• _Brief_:
A copy of the listing below is needed, exact in every line and without images.

• _Source data_:
_ _ _ _
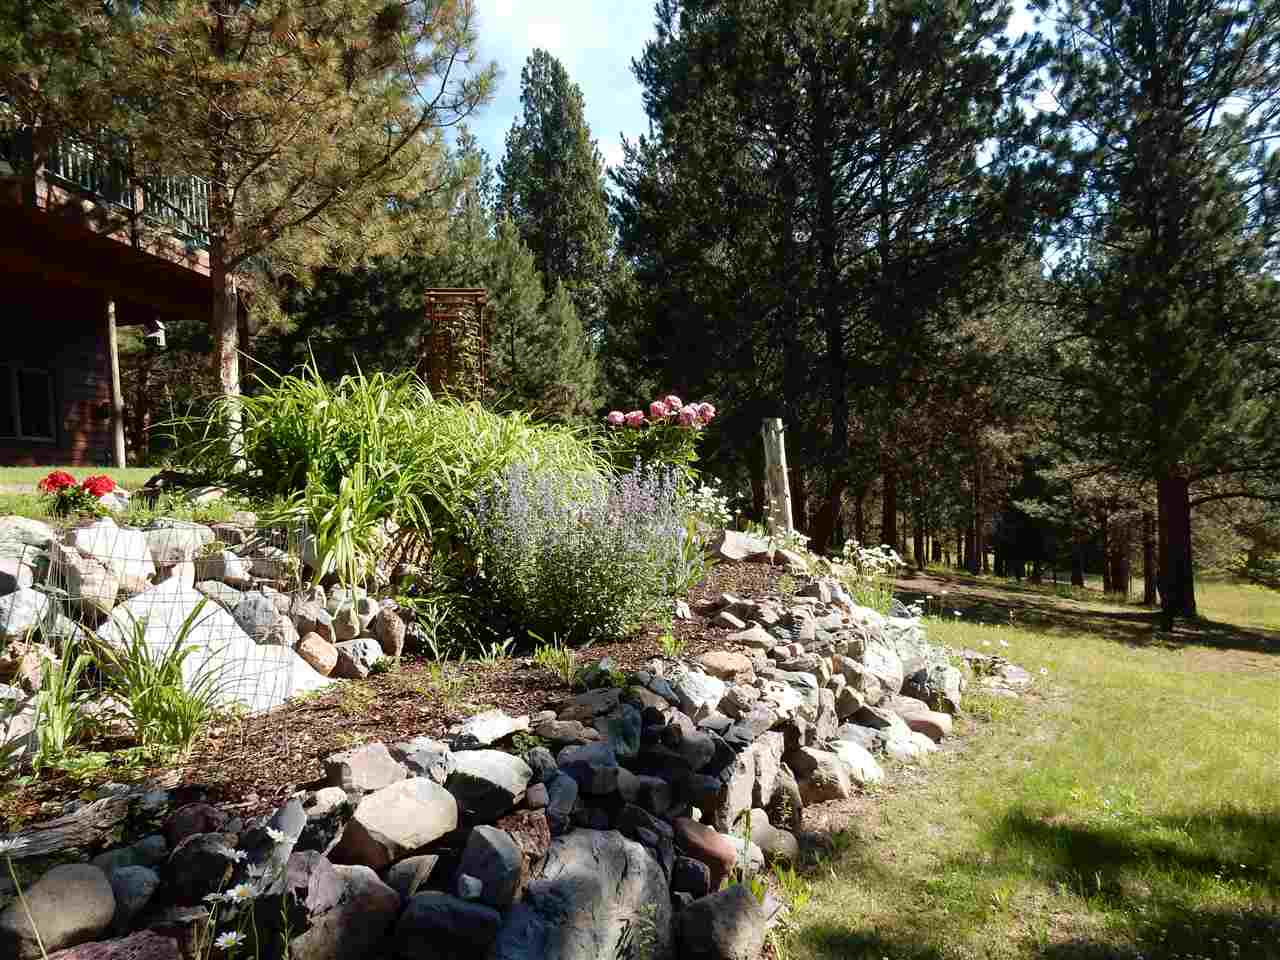 https://s3-us-west-2.amazonaws.com/cevado.idx1/helena/helena/295403/3757-stonewall-creek-rd-lincoln-59639-f047b606_17.jpg
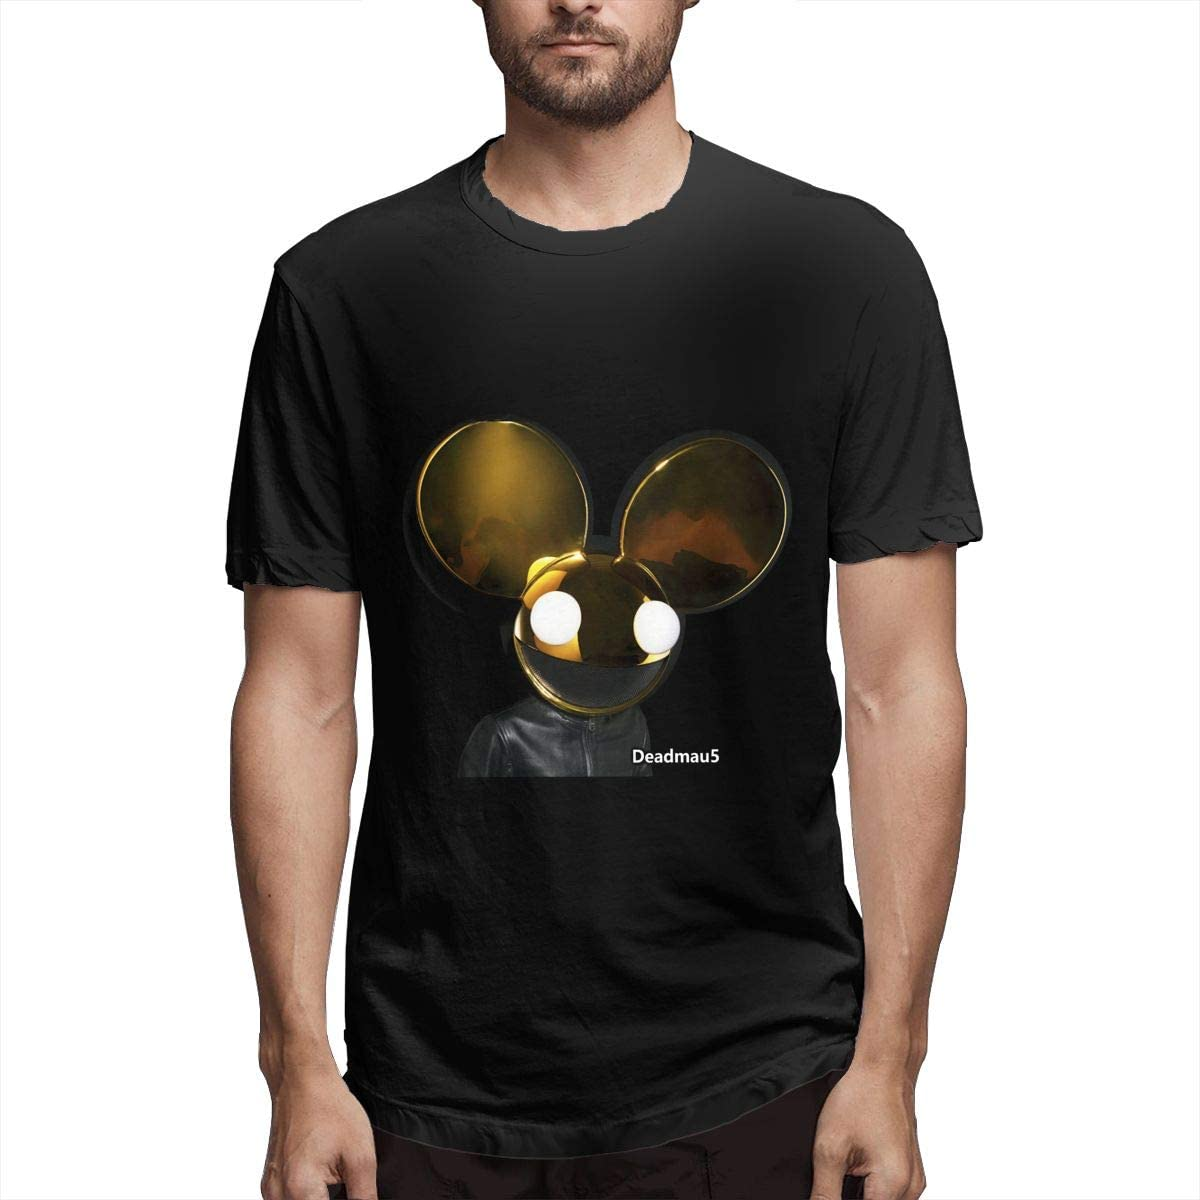 HualYwsl Deadmau5 Men's Short Sleeve T-Shirt Clothing Classic Crew Neck Tee
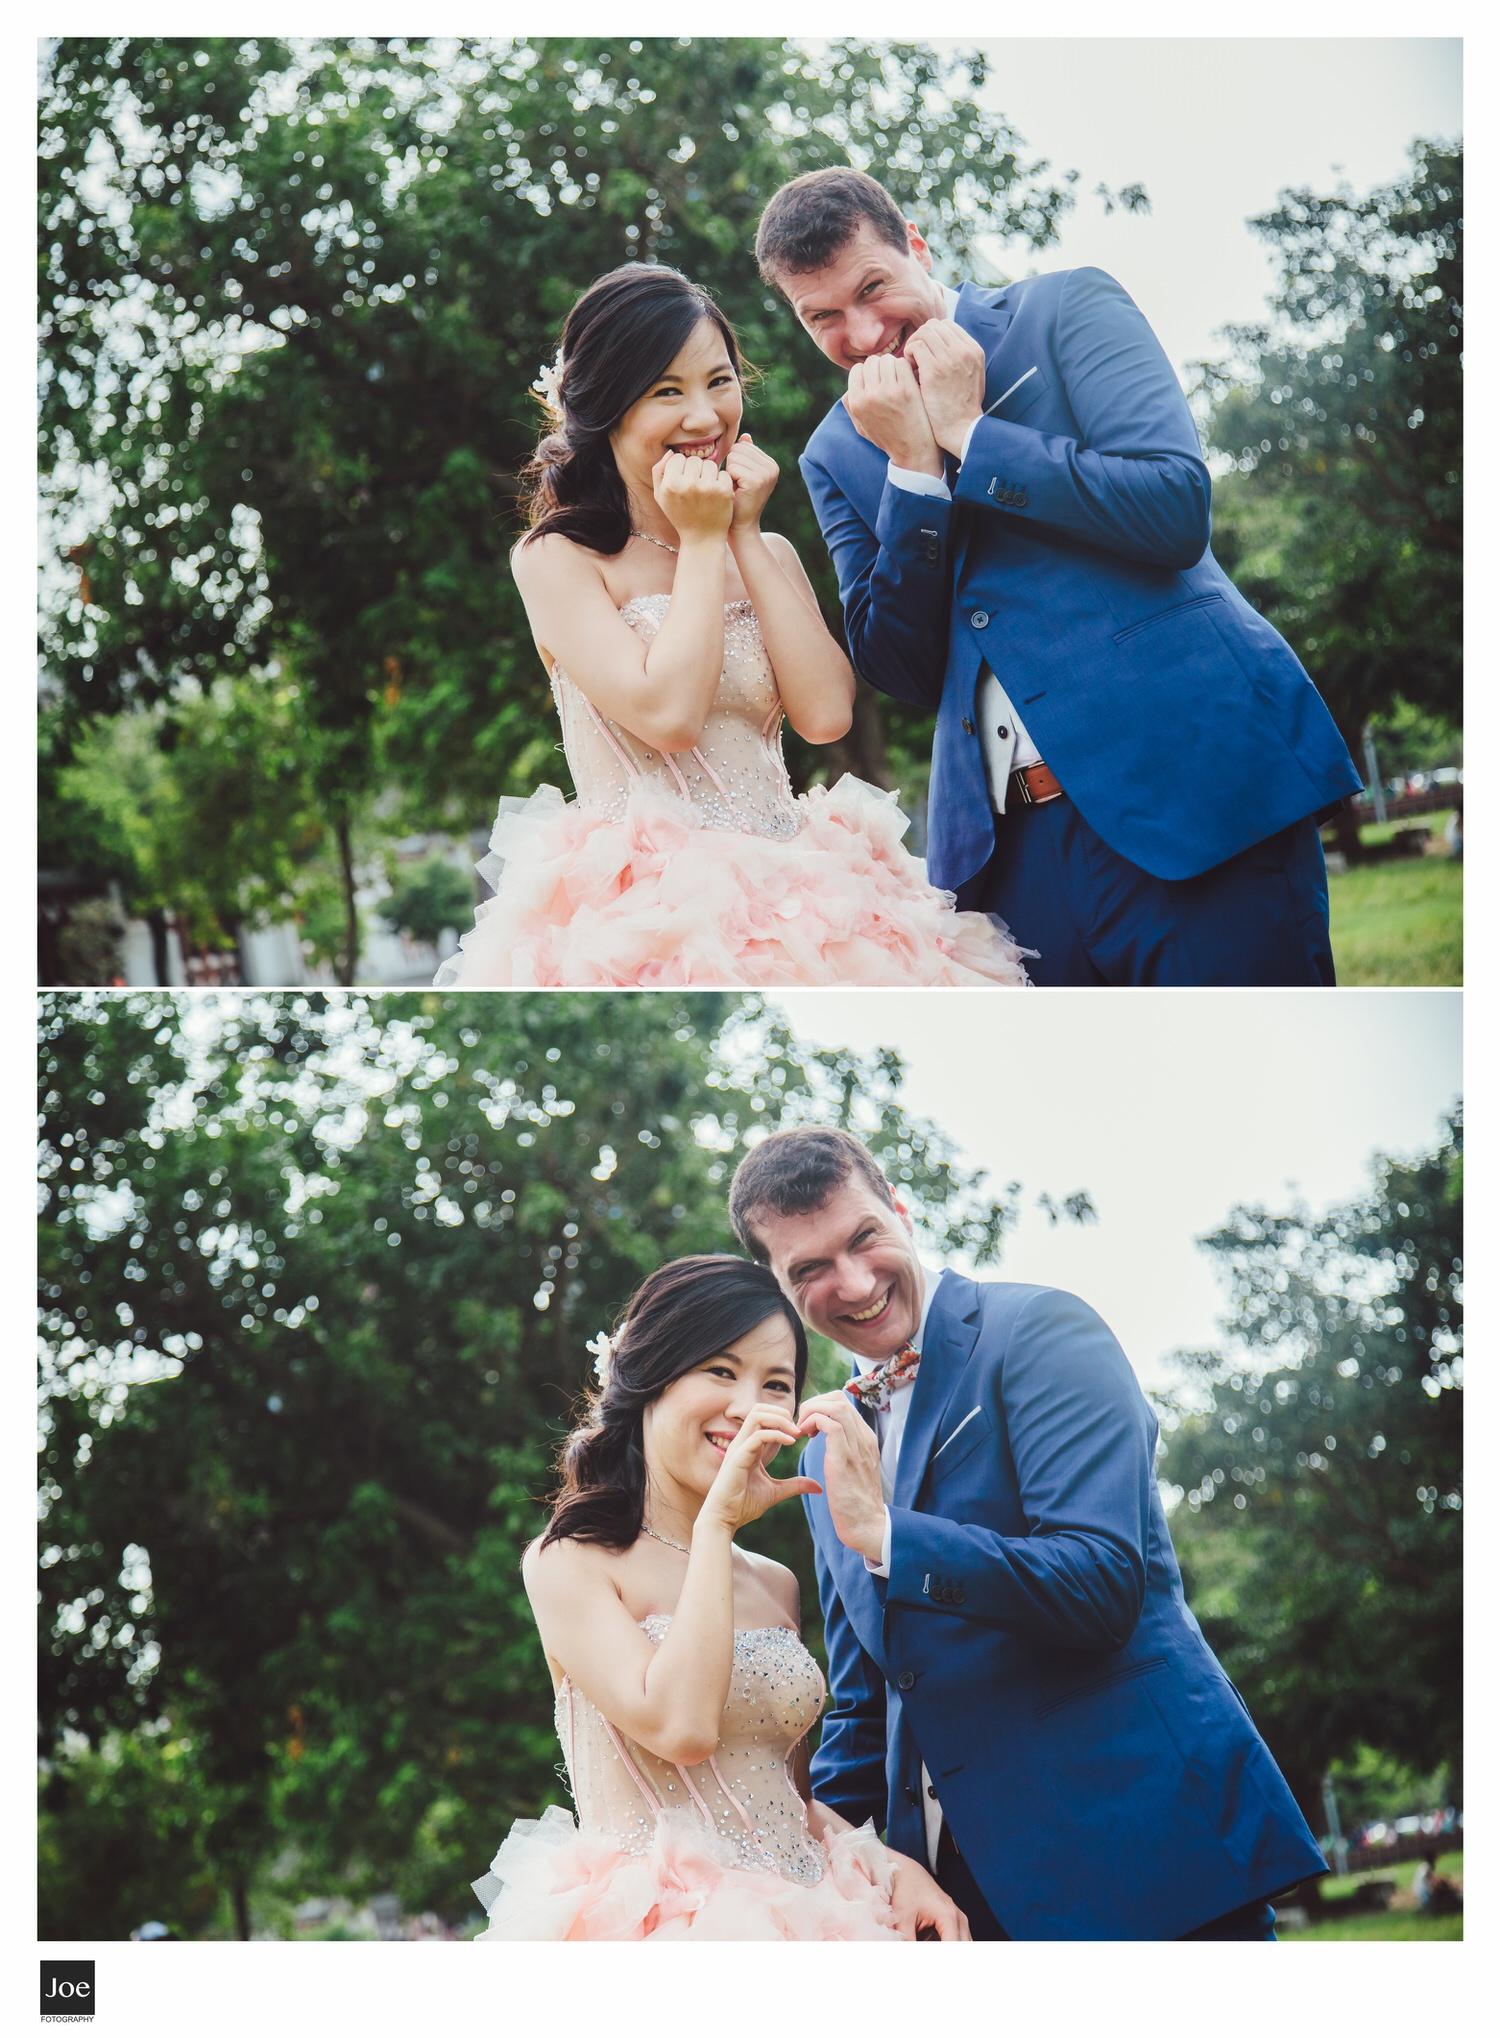 joe-fotography-pre-wedding-kay-jeff-037.jpg
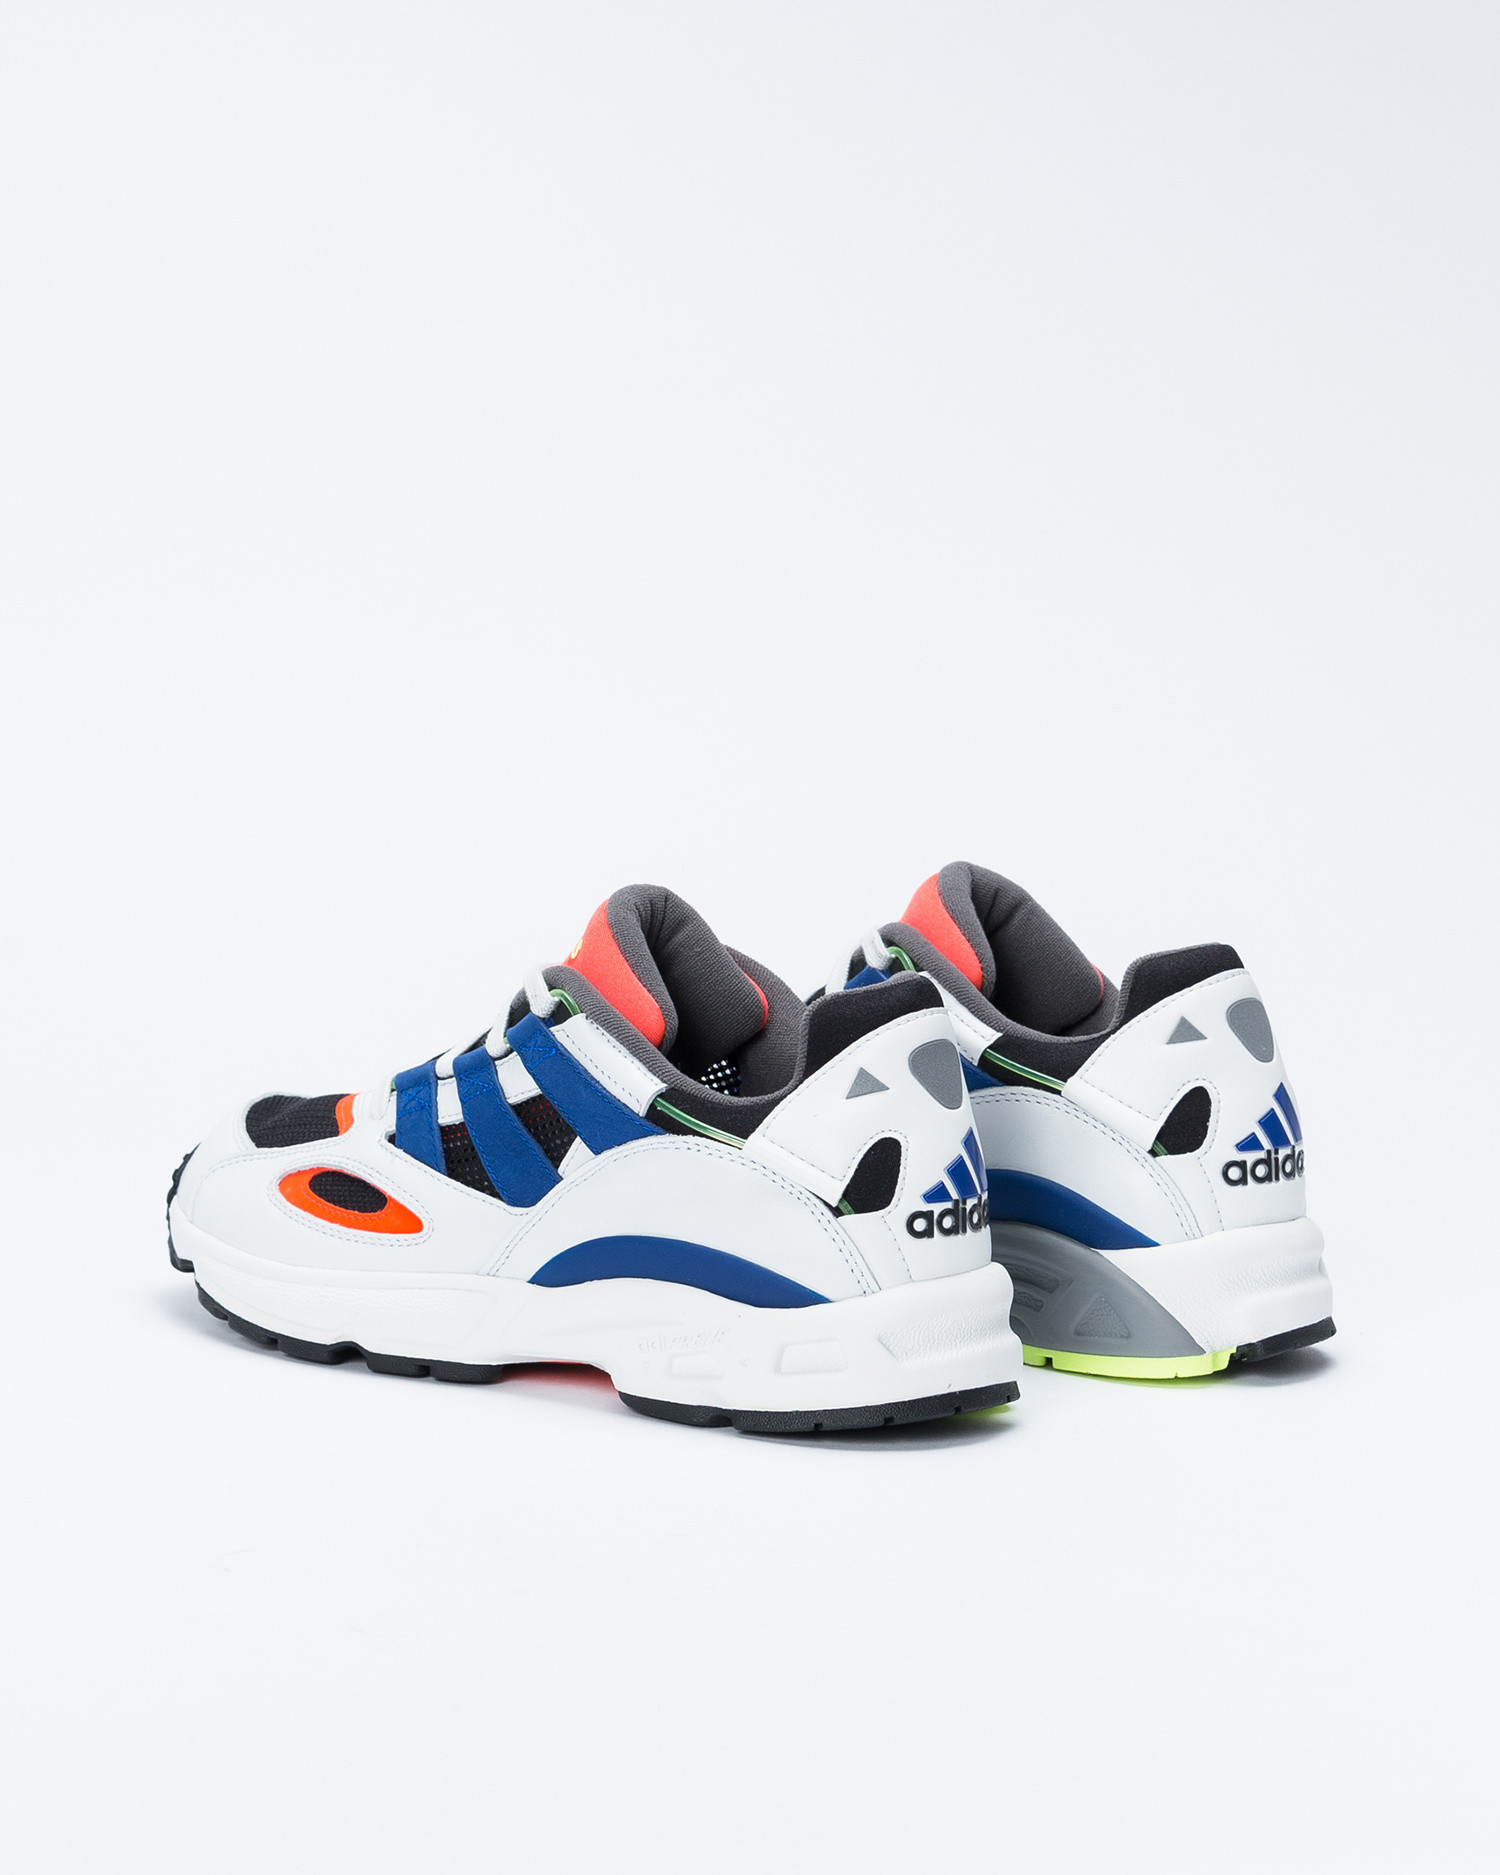 adidas Lxcon 94 crywht/croyal/hireye
_ _ _ _
• _Answer section_:
 https://s3-us-west-2.amazonaws.com/cevado.idx1/helena/helena/295403/3757-stonewall-creek-rd-lincoln-59639-f047b606_17.jpg
 HualYwsl Deadmau5 Men's Short Sleeve T-Shirt Clothing Classic Crew Neck Tee
 joe-fotography-pre-wedding-kay-jeff-037.jpg
 adidas Lxcon 94 crywht/croyal/hireye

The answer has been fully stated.